Benjamin Gerritz

When thinking about trade policy, tariffs and quotas may be what typically comes to mind. The truth is multilateral trade agreements have affected people in numerous ways, including impeding on access to HIV medications.

As the U.S. Congress prepares to vote on a very important trade bill in the coming weeks, I hope our elected officials deeply consider the policy failures of the past so as not to repeat the trading of HIV-positive lives away.

The World Health Organization (WHO) currently estimates there are 35 million people living with HIV, myself included. Since 1981, the WHO has recorded 39 million AIDS-related deaths. These numbers would unquestionably be much higher were it not for health programs such as the U.S. President’s Emergency Plan for AIDS Relief (PEPFAR), the Global Fund to Fight AIDS, Tuberculosis and Malaria, and the U.S. Ryan White program.

PEPFAR has been heralded as among the most successful global health programs, but this program also exposed a trade policy failure often referred to as a death by patent. The announcement of PEPFAR’s creation was delivered during President Bush’s State of the Union in 2003. During this speech, the president called on Congress to commit $15 billion to address the growing global AIDS pandemic, citing the cost effectiveness of allocating funds for HIV medications.

At the time, the president stated the cost of treatment for one person had dropped from $10,000 per year to $300. He was accurate about the cost, but he hadn’t factored in the Pharmaceutical Research and Manufacturers of America (PhRMA) factor. The $300 was for generic HIV medications manufactured in India, but $10,000 was the patent protected price in the United States.

Following the State of the Union speech, PhRMA moved quickly to ensure PEPFAR would not purchase India’s generics. Pharmaceutical companies and policy makers used patent and intellectual property terms in the U.S.–backed World Trade Organization (WTO) to restrict access to generic treatments. This resulted in the first years of PEPFAR characterized by the program paying $10,000 per year for medication for one person, which was not what the president initially intended.

It would take years of advocacy from groups such as TAG, ACT UP and Doctors Without Borders before the WTO eased restrictions allowing generic HIV medications to flow to people in need. During this struggle, at least 10 million needlessly died. This easing of the WTO’s trade barriers for HIV medications has translated into 12 million people who are currently receiving medicines through global health programs. Over 80 percent of PEPFAR’s medications are currently being purchased from India at a price of less than $100 per year. The $100 cost likely sounds very refreshing to Americans living with HIV who, like me, would have to pay $3,400 per month or more for our lifesaving medication without insurance.

It is with both PEPFAR’s success and the WTO’s failures in mind that I am deeply concerned there may be a repeat of death by patent coming. Right now, the United States is negotiating a massive free trade agreement between 11 countries throughout the Pacific Rim and Southeast Asia.

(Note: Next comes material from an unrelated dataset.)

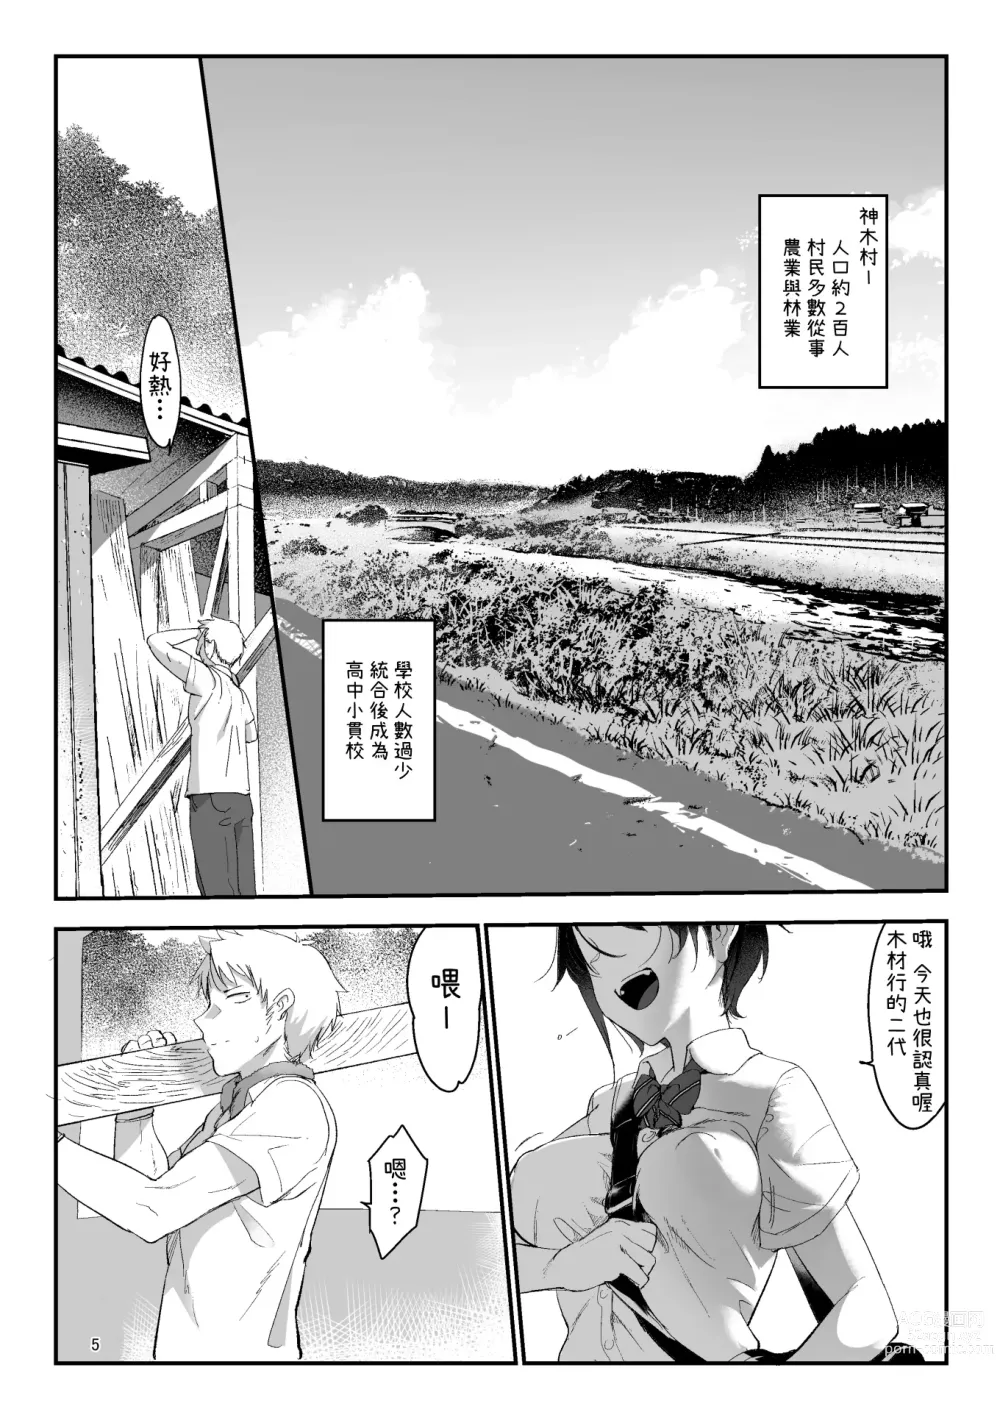 Page 5 of doujinshi Mesudachi

This deal, known as the Trans Pacific Partnership (TPP), has sparked widespread outrage over potential implications.

In referring to the TPP, the director of the WHO recently stated, “If these agreements open trade yet close access to affordable medicines, we have to ask: Is this really progress at all, especially with the costs of care soaring everywhere?” The terms of this trade agreement, like previous ones including the WTO, have been negotiated in secret with the public and even members of the U.S. Congress barred from knowing the full extent of what is being negotiated on our behalf.

What is known is the terms are being written by 600 negotiators, the vast majority of whom represent U.S. multinational corporations with PhRMA as the TPP’s chief lobbyist. Through leaked copies of the TPP text by Wikileaks, people have been provided information on the trade agreement’s terms. One of the terms authorizes corporations to sue sovereign governments over laws passed to protect public health. This provision is tragically similar to the one used to restrict access to medicines under the WTO previously.

In the coming weeks, the U.S. Congress will be voting on a Fast Track bill designed to quickly pass the terms of the TPP through Congress. If Congress passes Fast Track, it will mean the TPP will come before Congress for a simple yay or nay vote devoid of substantive debate or amendments. This would provide a narrow opportunity to ensure the TPP doesn’t repeat the faults of the WTO.

I assume most members of Congress would characterize the previous death by patent situation as having been a tragedy we could have prevented. I hope, when our elected officials cast their votes on Fast Track, all of the implications of their decisions are deeply considered.


Benjamin Gerritz is a coordinator of the Prevention with Positives program at Cascade AIDS Project and a board member with Oregon Fair Trade Campaign, a statewide grassroots organization. Gerritz was on the 2013 POZ 100 list and was recognized as a 2014 Queer Hero NW.